This thread is a veritable smorgasbord of clueless idiocy. Some people honestly think small restaurants are all getting rich off of ripping off thier servers. Jesus. Run a restaurant sometime. Most WANT to pay more. Most restauranteurs were servers and cooks.

Pass universal healthcare. Then you can start talking about fair wage issues in small businesses.
18
If you don't like tipping, you are more than free to either make and bring your own lunch or seek out places that don't accept tips. I hear McDonald's would be right up your ally.
19
I would happily tip 25% if the servers' corporate paymasters would let them shut up and serve me instead of:

-trying to upsell me in every single interaction
-filling the glass full when I don't want the interruption
--fucking interrupting our conversation whenever they feel like it about six times an hour in a normal meal
--asking me 4 or 5 times if everything is okay, interrupting again, and
--"announcing" trivial things like "and heeeeere's the ketchup you wanted" recently they announced a baked potato and a new fork after they dropped one.
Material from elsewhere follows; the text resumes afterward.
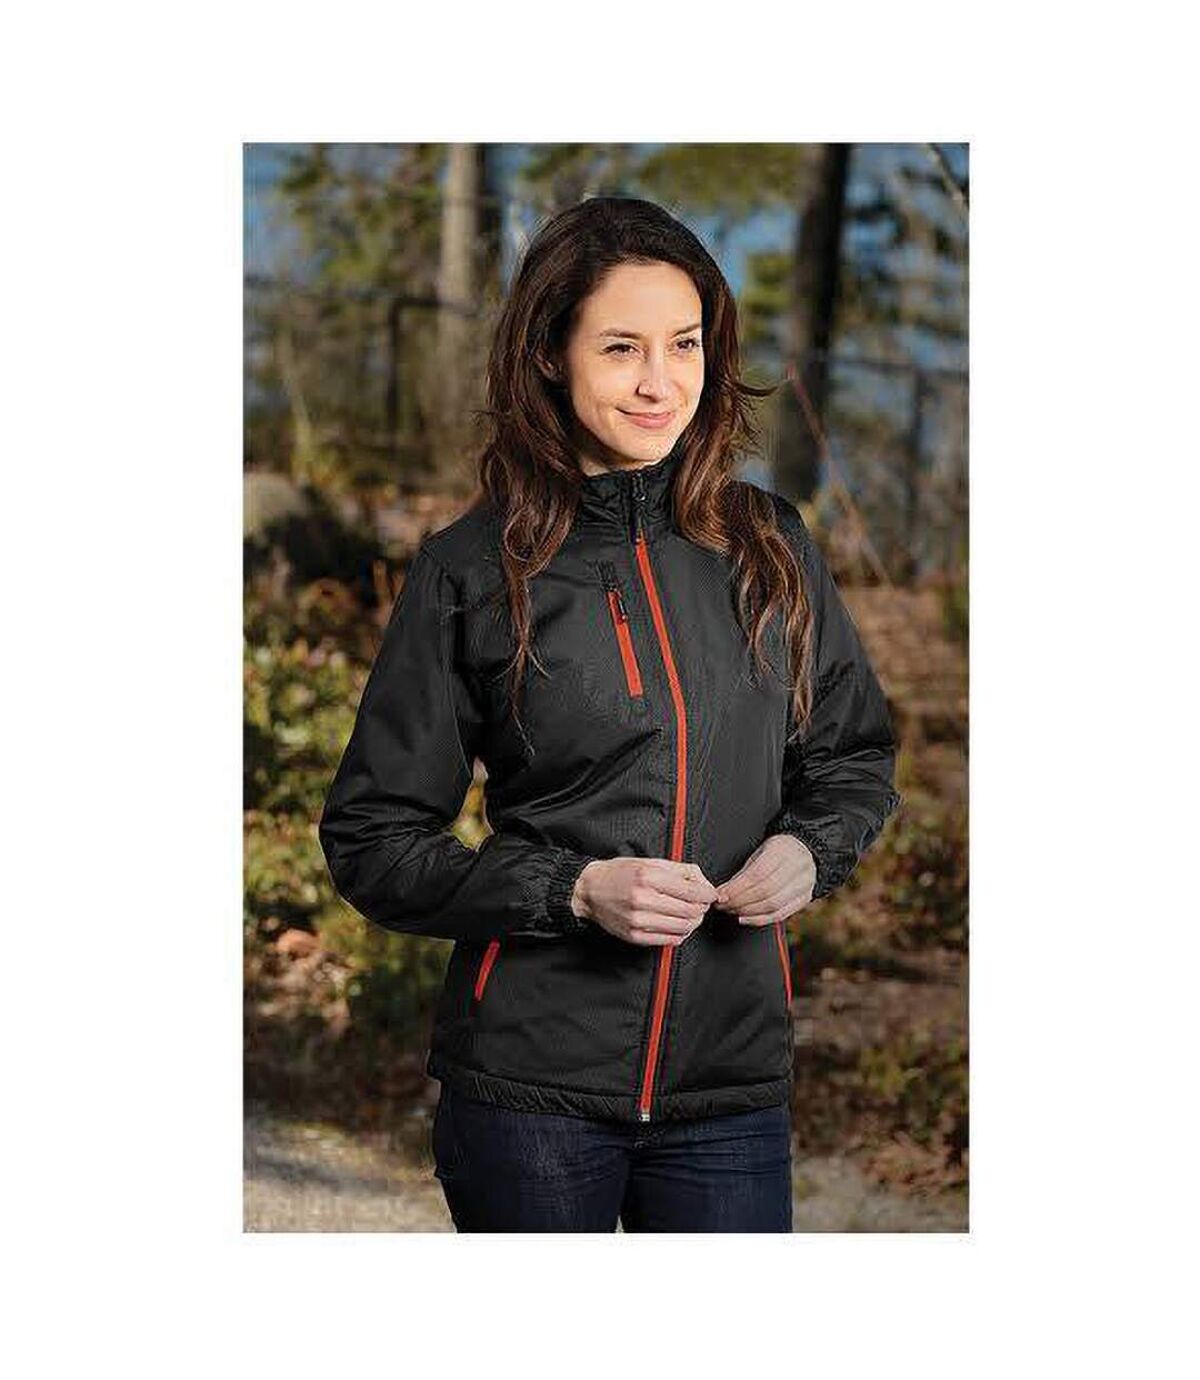 Stormtech Ladies/Womens Axis Water Resistant Jacket (Black/Orange) - UTBC2080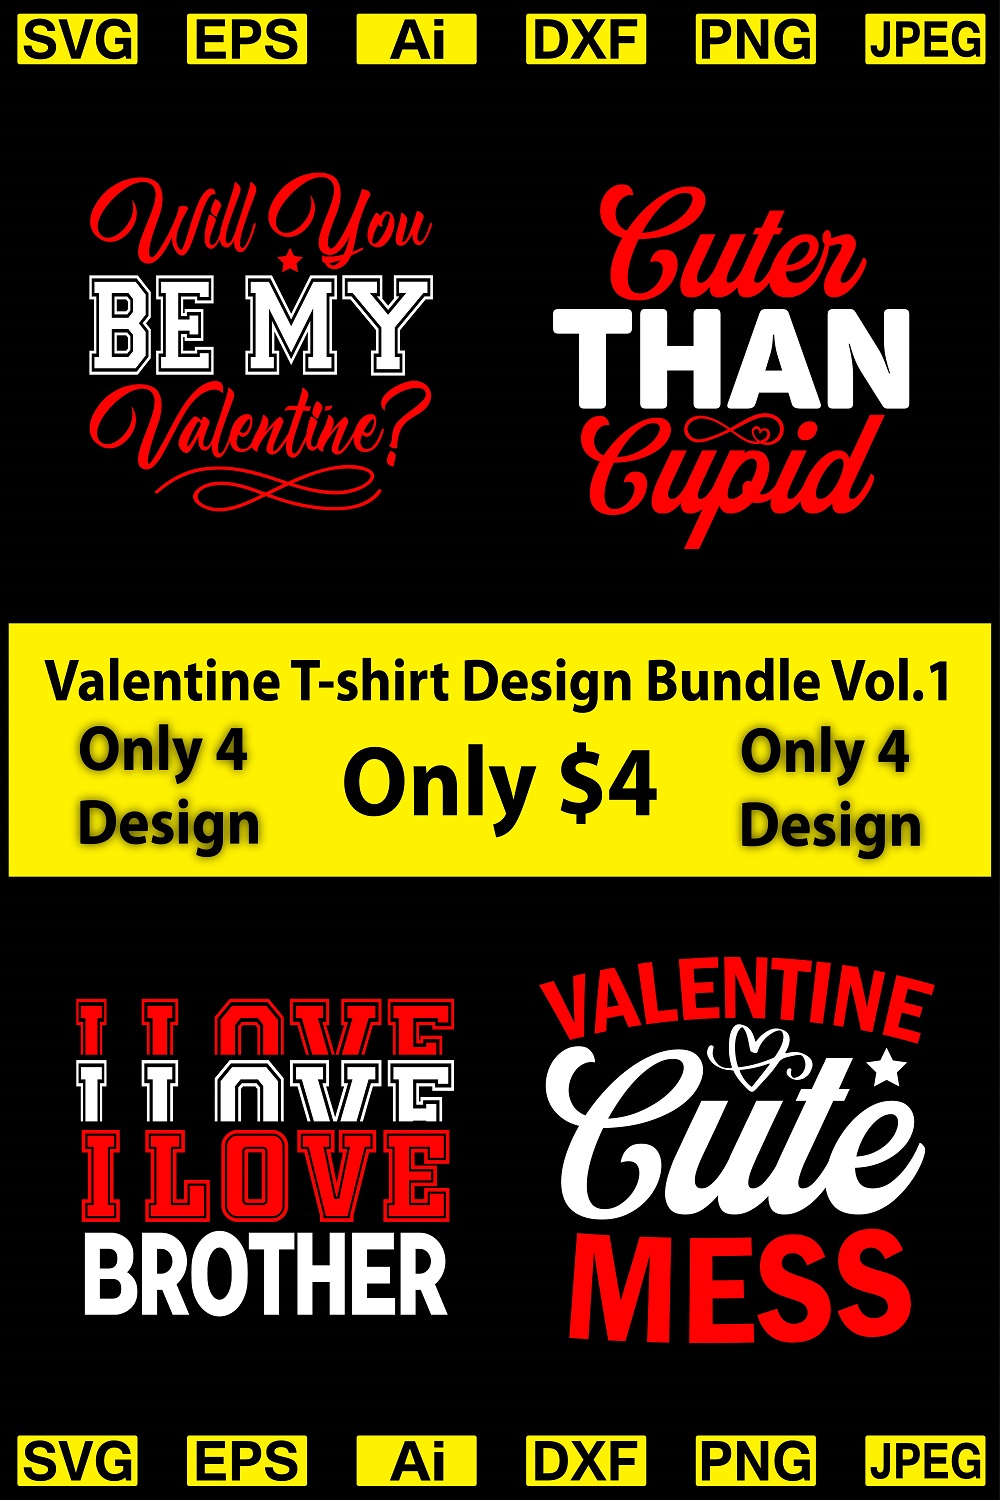 Valentine T-shirt Design Bundle Vol.1 - pinterest image preview.

the upshot is they take up about 20% of the time and the talk and I don't want to fucking talk to the server. they are trained in this degrading set of interactions by their employer's consultant, or most sheeple just love this attention. it's over serving and it's disserving and I stopped going out because of it. Worst are the "servers" who put their HAND on your shoulder or touch you or draw up a chair and flip it around to talk to you like one of the guys, while I thinking "hey asshole...who invited you to my meal?" they routinely do stuff which if my friend did it I'd drop him as a friend, esp. the constant total interruptions. used to be they knew how to hover and approach only when eye contact made. that was "service" this shit is disservice, akin to forcing you to watch 20 minutes of ads before every movie. fuck it, I stay home or picnic in the park to get rid of this mistreatment. if the servers weren't required to do all this bullshit nonwork they'd have more time for actual better service or would serve more tables perhour and could make more that way.
20
@16,
Wow... call off your attack dogs there, chief.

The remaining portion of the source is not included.